Clark-King sees the underlying transformation of the depiction of God in this passage as key to finding a way out of this dilemma:
we see a God who opens Godself to vulnerability and finitude, who takes death into the heart of the divine being, out of love for erring, vulnerable humanity. A God who does not consider any human life to be expendable and puts particular value on the most vulnerable, especially children.[11]
Accordingly, she sees the death of the Son not as a betrayal but as choice: “the Son, an equal person within the Godhead, chose the vulnerability of the incarnation.”[12] William C. Placher, citing Thomas Aquinas, agrees:
it is surely important that Christ is not the passive victim of suffering for the sake of keeping things as they are but one who actively accepts suffering for the sake of transforming the world. “It is indeed a wicked and cruel act,” Aquinas wrote, “to hand over an innocent man to torment and death against his will. Yet God the Father did not so deliver up Christ, but inspired him with the will to suffer for us.” Christ is not a scapegoat, dragged to the Temple for sacrifice, but a volunteer in the battle against evil.[13]

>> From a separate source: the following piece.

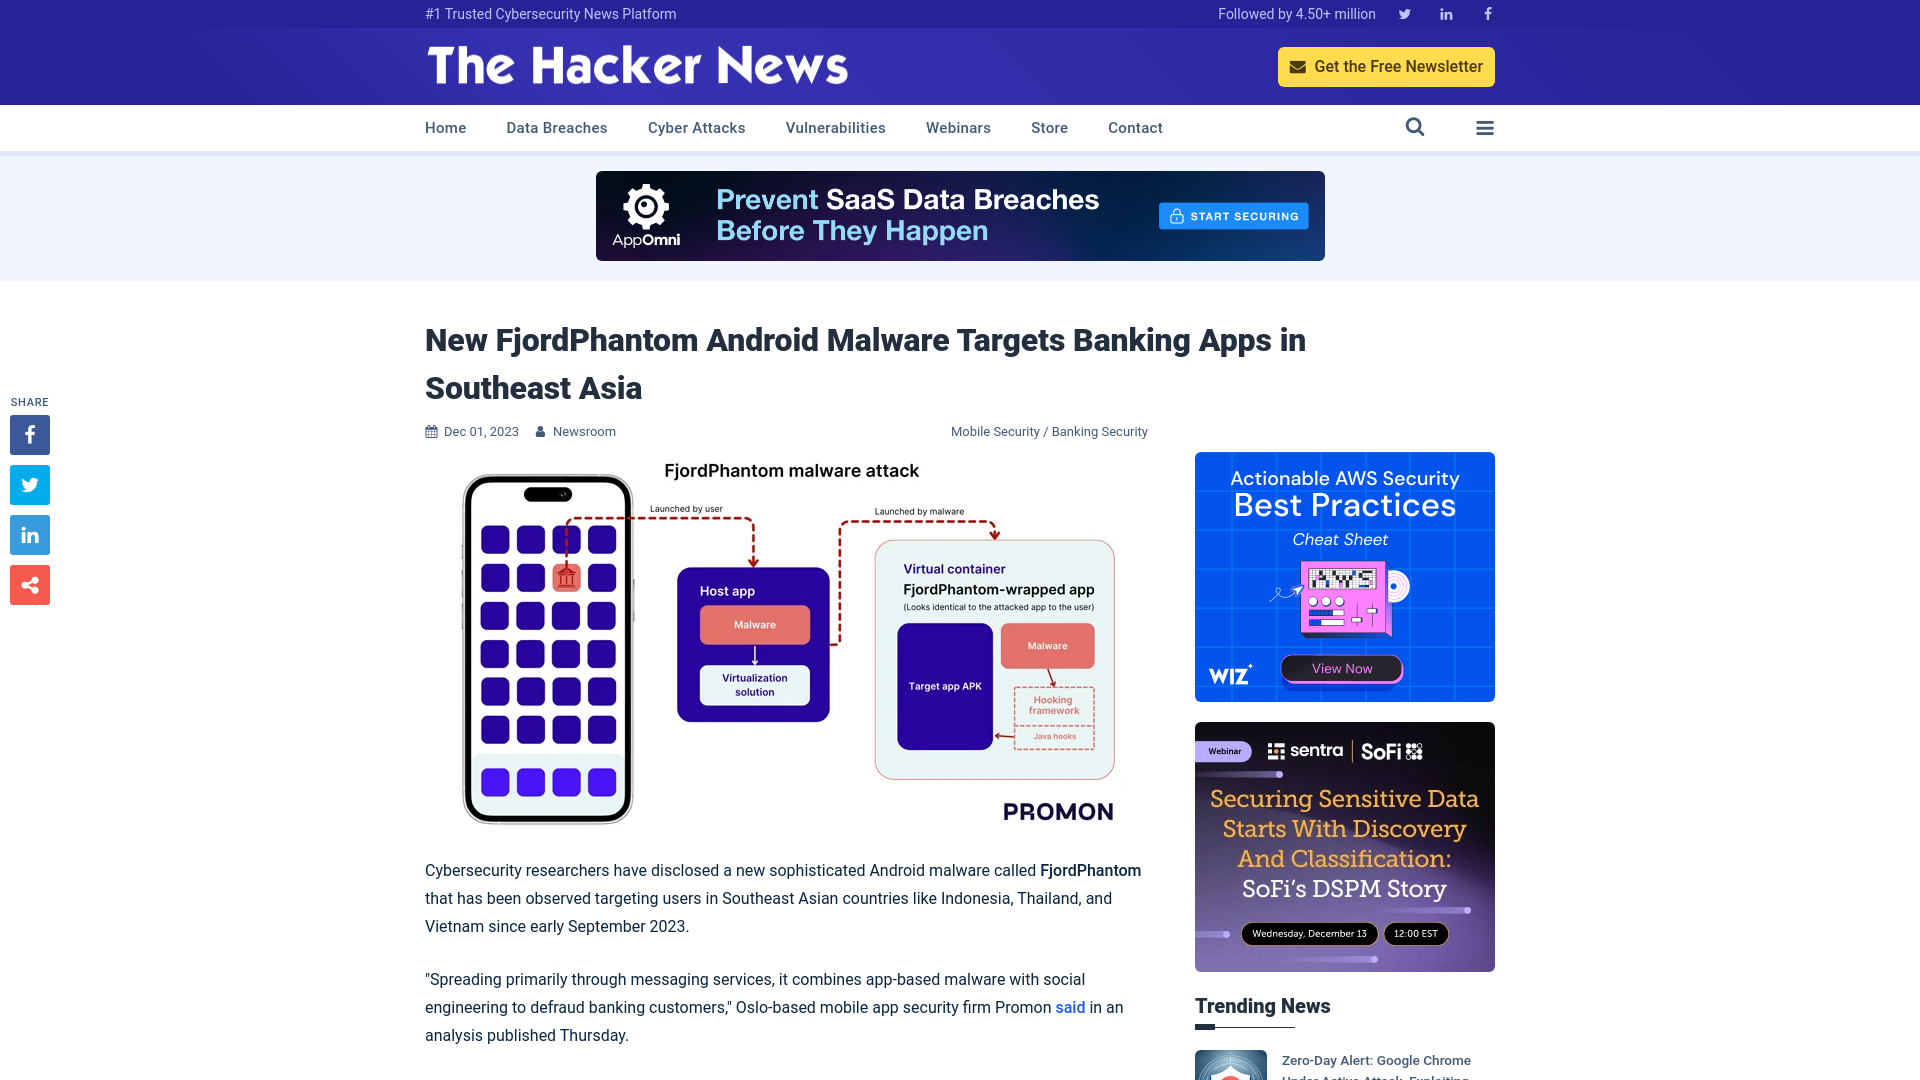 New FjordPhantom Android Malware Targets Banking Apps in Southeast Asia
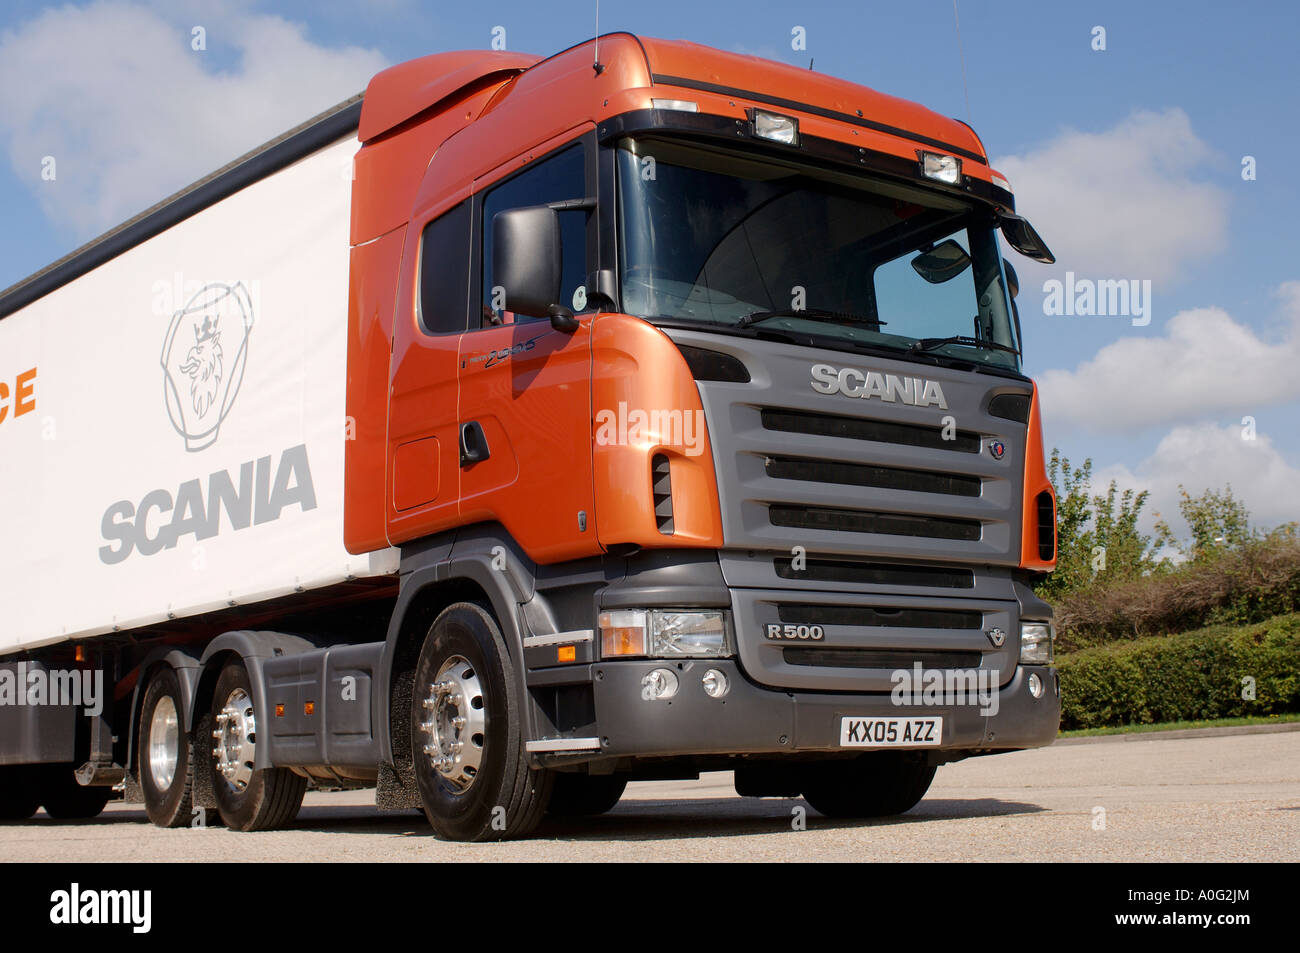 scania r500 v8 articulated lorry at a distribution centre in the uk Stock Photo

The aspect of choice is key for Placher. Indeed, some patristic traditions (not that explored by Maitland) see Isaac as a willing sacrifice as in this way as a true precursor of Christ.[14]
Not only choice is key, but also the underlying cause of suffering. Placher argues that in the world, “there is still suffering, and we celebrate it—but not because the suffering is a good; rather, because it is the agent of the transformation of the world.”[15] He recognises “the protests of feminist theologians and others that women and other oppressed groups have been called too often by the Christian faith to endure suffering,”[16] for instance women who have been told that it is their duty to endure abusive relationships. However, he worries that Christianity has become too comfortable: “as I look at our typical congregations, I think one could also make a contrary case: that we have created the kind of comfortable ‘Christendom’ Kierkegaard decried and often do not ask enough by way of suffering.”[17]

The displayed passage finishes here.